Выбирать «по одежке» не так-то просто, слишком одинаковыми были темные хламиды евреев. Однако Княжнин сразу решил отказаться от четверых самых неопрятных. Собравшиеся заговорили все одновременно, когда поняли, что офицер таки созрел, чтобы нанять себе фактора, и Княжнин исключил из «списка» еще пятерых, которые не замолчали, когда он поднял вверх руку. Опуская руку, он уже ткнул пальцем в того, кого выбрал, положившись лишь на собственную физиогномическую интуицию, как если бы он стоял перед строем солдат, из которых нужно назначить одного для поручения, требующего смекалки.

– Как зовут? – спросил Княжнин у еврея средних лет, наверное, самого крючконосого и пучеглазого в шеренге. Он был такой же бородатый, как другие, но в его бороде не наблюдалось крошек и другого мусора, а его лапсердак был туго подпоясан почти не засаленным кушаком. Может быть, эта деталь, дающая отдаленный намек на военную выправку, и оказалась решающей.

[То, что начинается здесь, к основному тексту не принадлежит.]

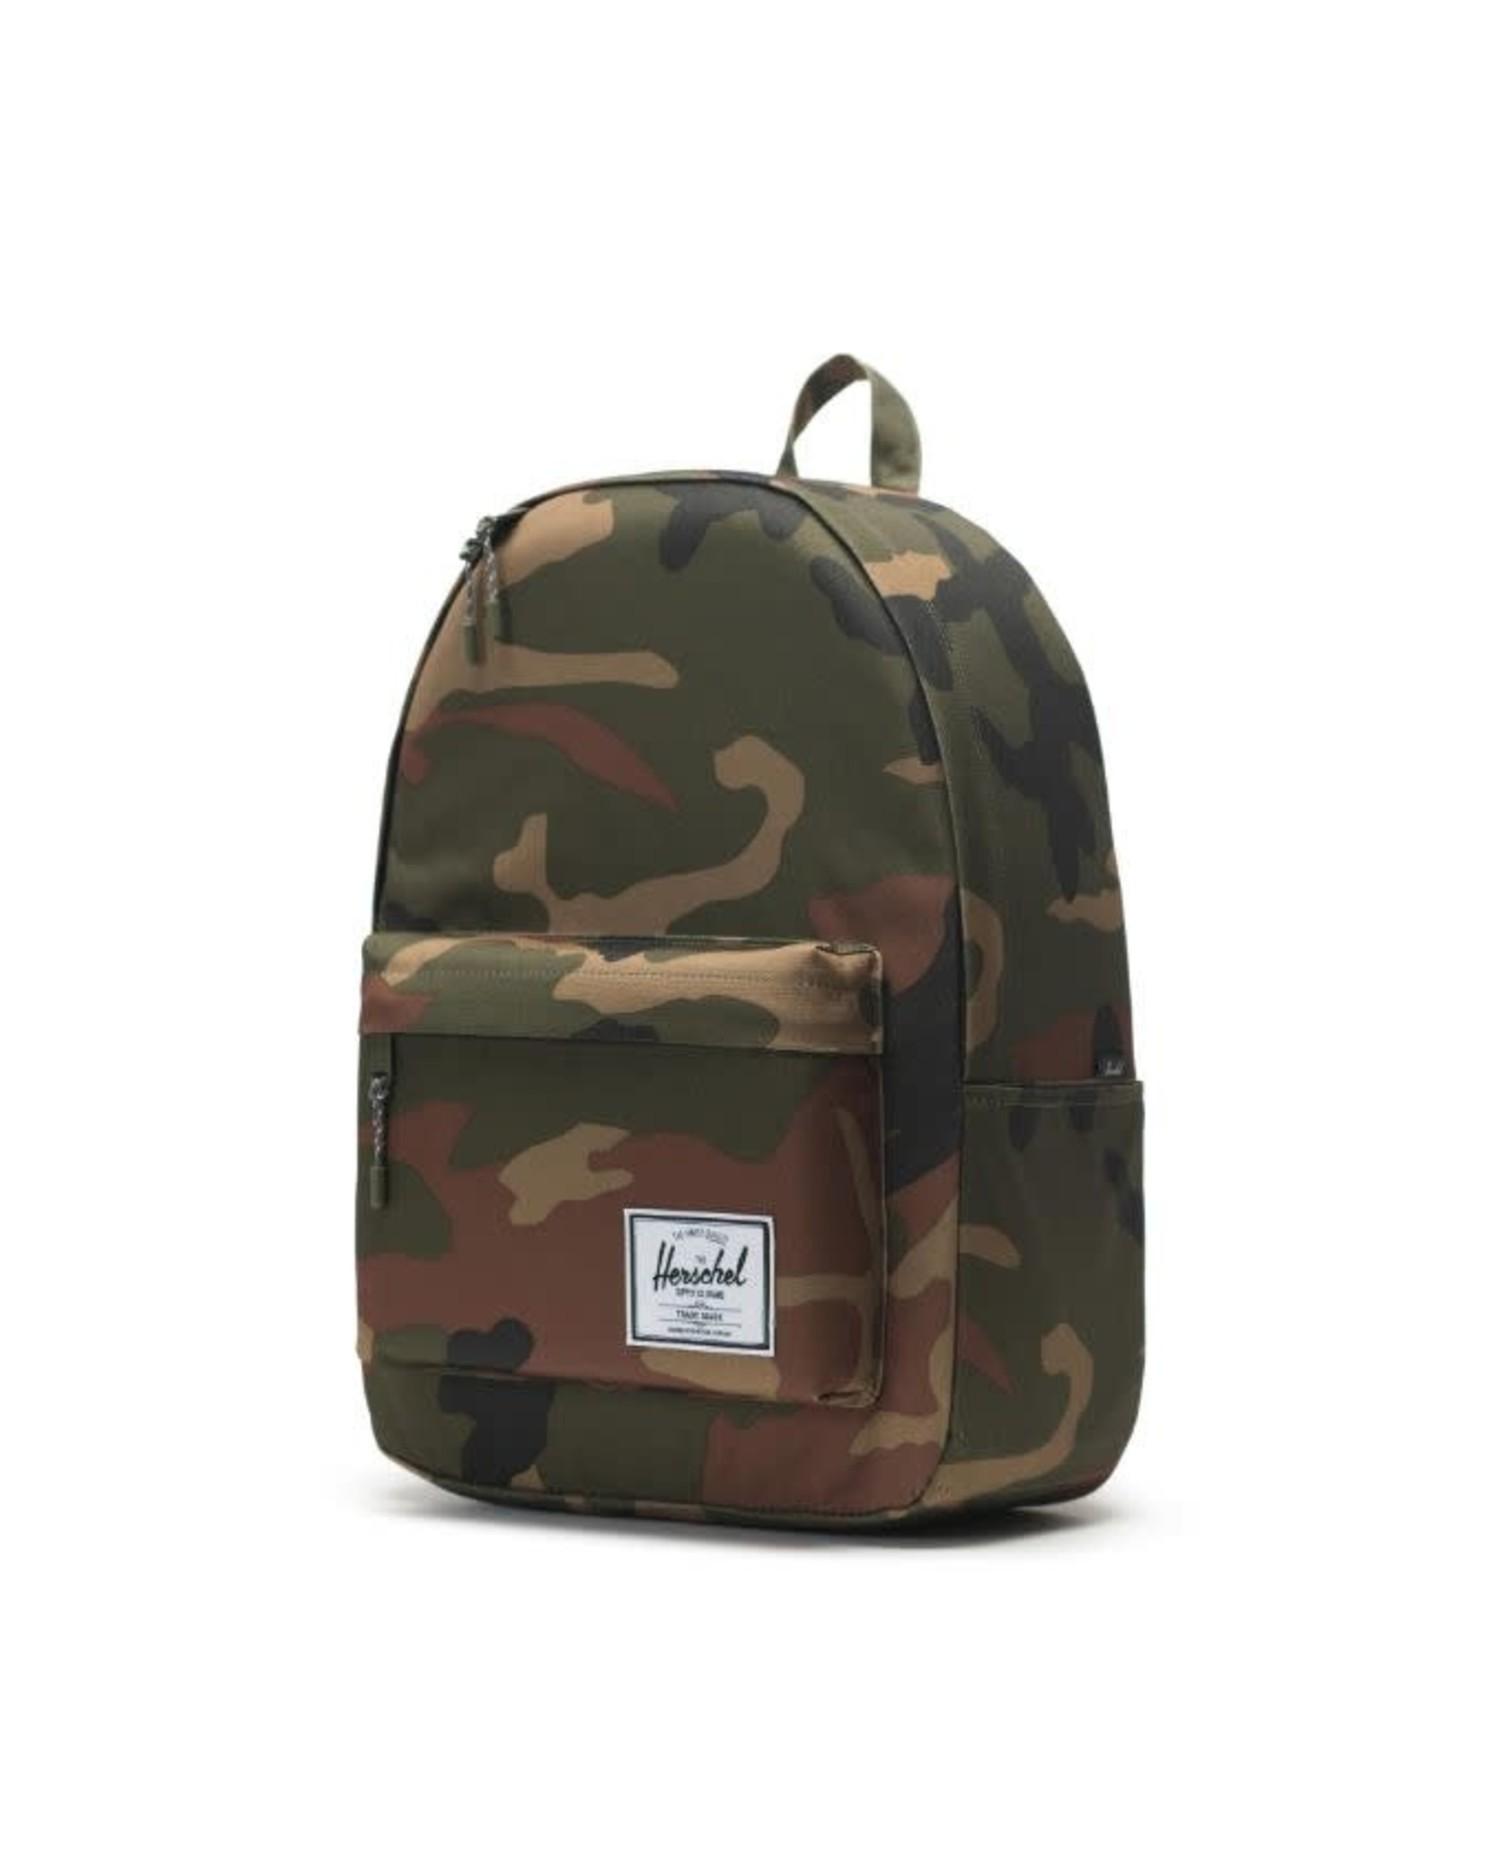 Herschel Herschel Classic X Large Backpack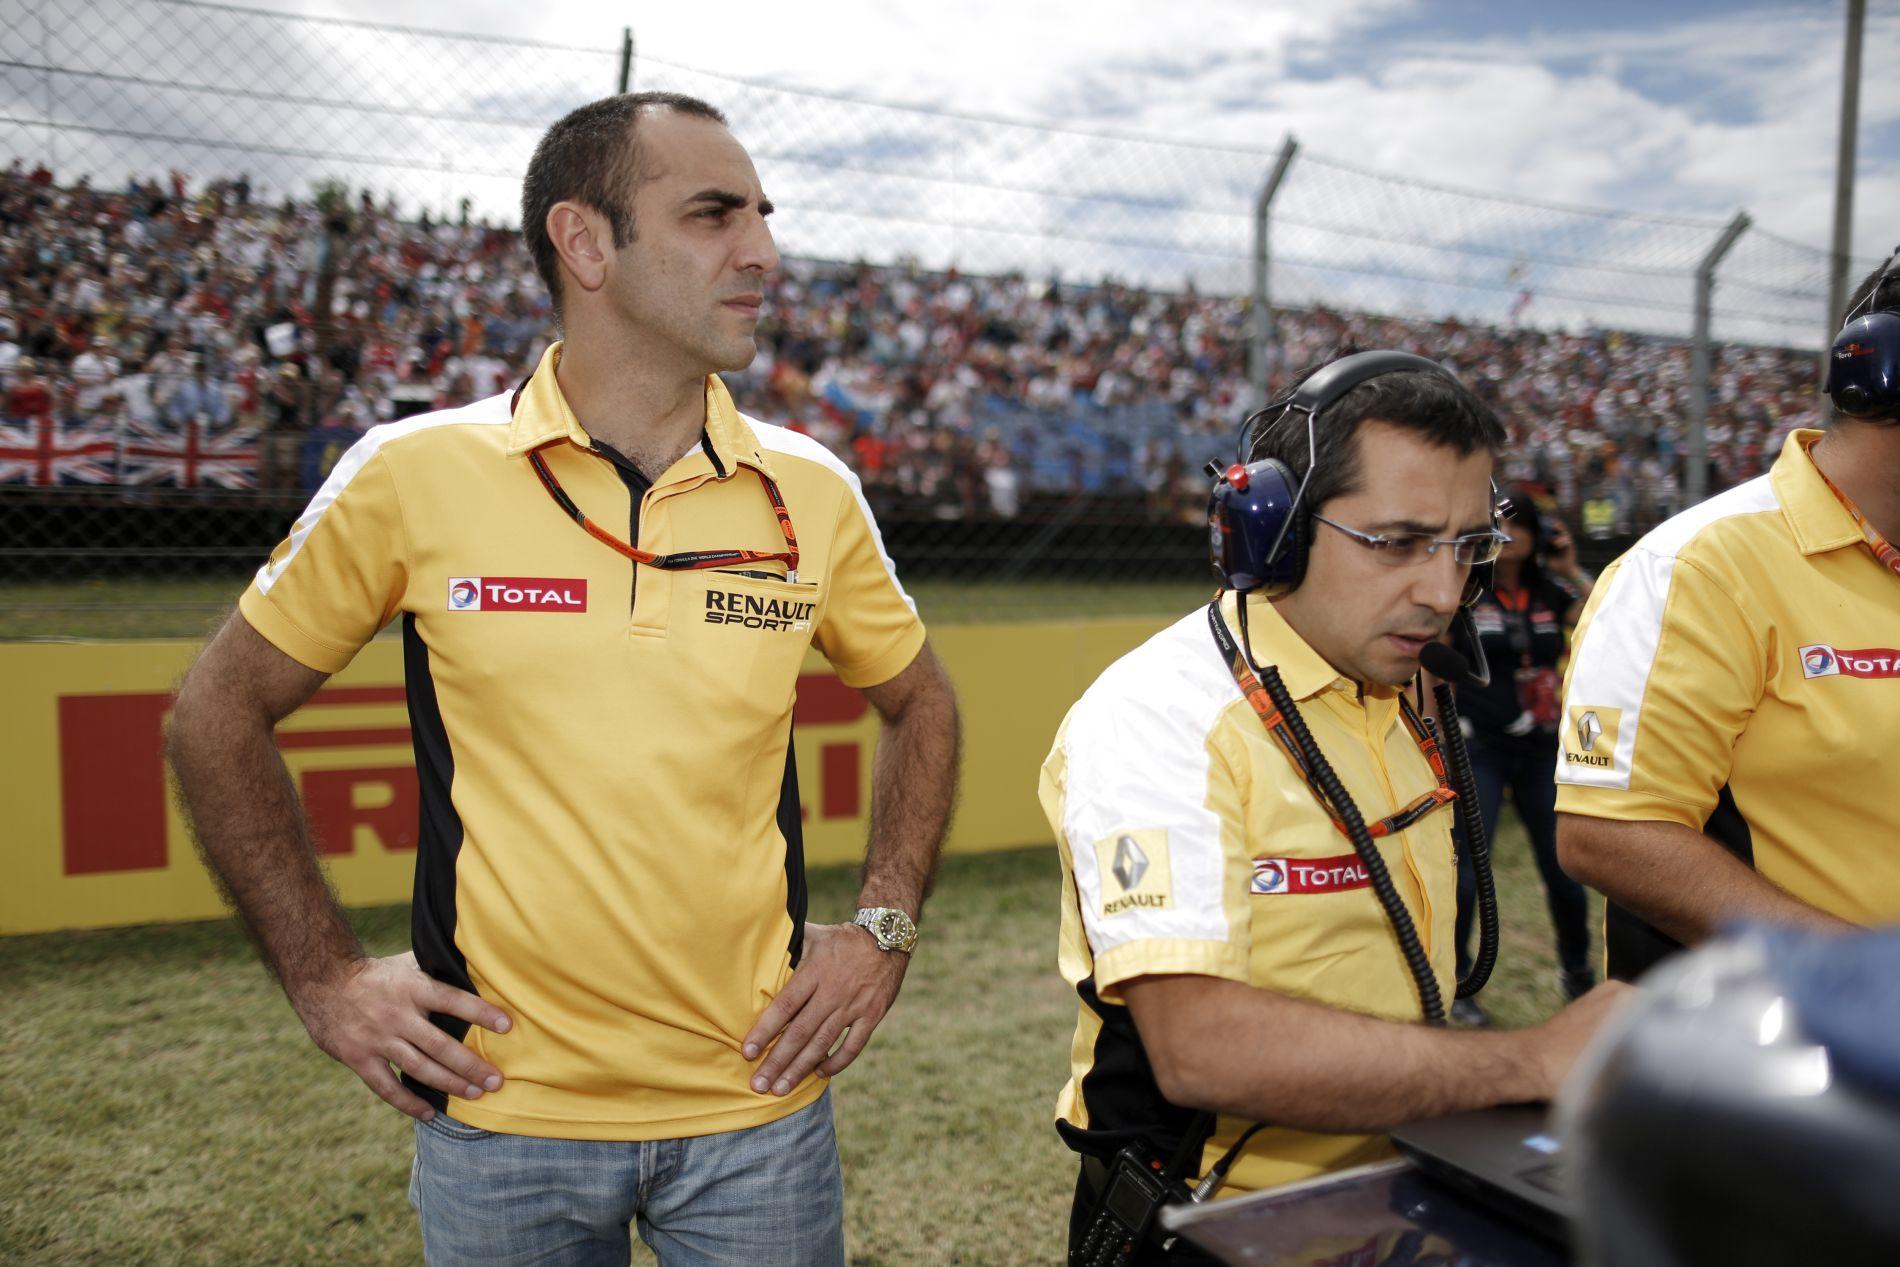 Ma döntenek a Renault-nál: mindent vagy semmit, dobják a WSR 3.5-öt az F1 kedvéért

– Иосель Хиршовиц, ясновельможный пан, – ответил испытуемый, блаженно закрывая свои глазищи. Пока ничего лишнего, только ответ на вопрос, – это понравилось Княжнину.

– Мне нужна квартира. Не обязательно большая, но приличная, чистая, – поставил он задачу. Иосель закрыл глаза с еще большим блаженством, после чего посмотрел на Княжнина с почти гипнотической уверенностью.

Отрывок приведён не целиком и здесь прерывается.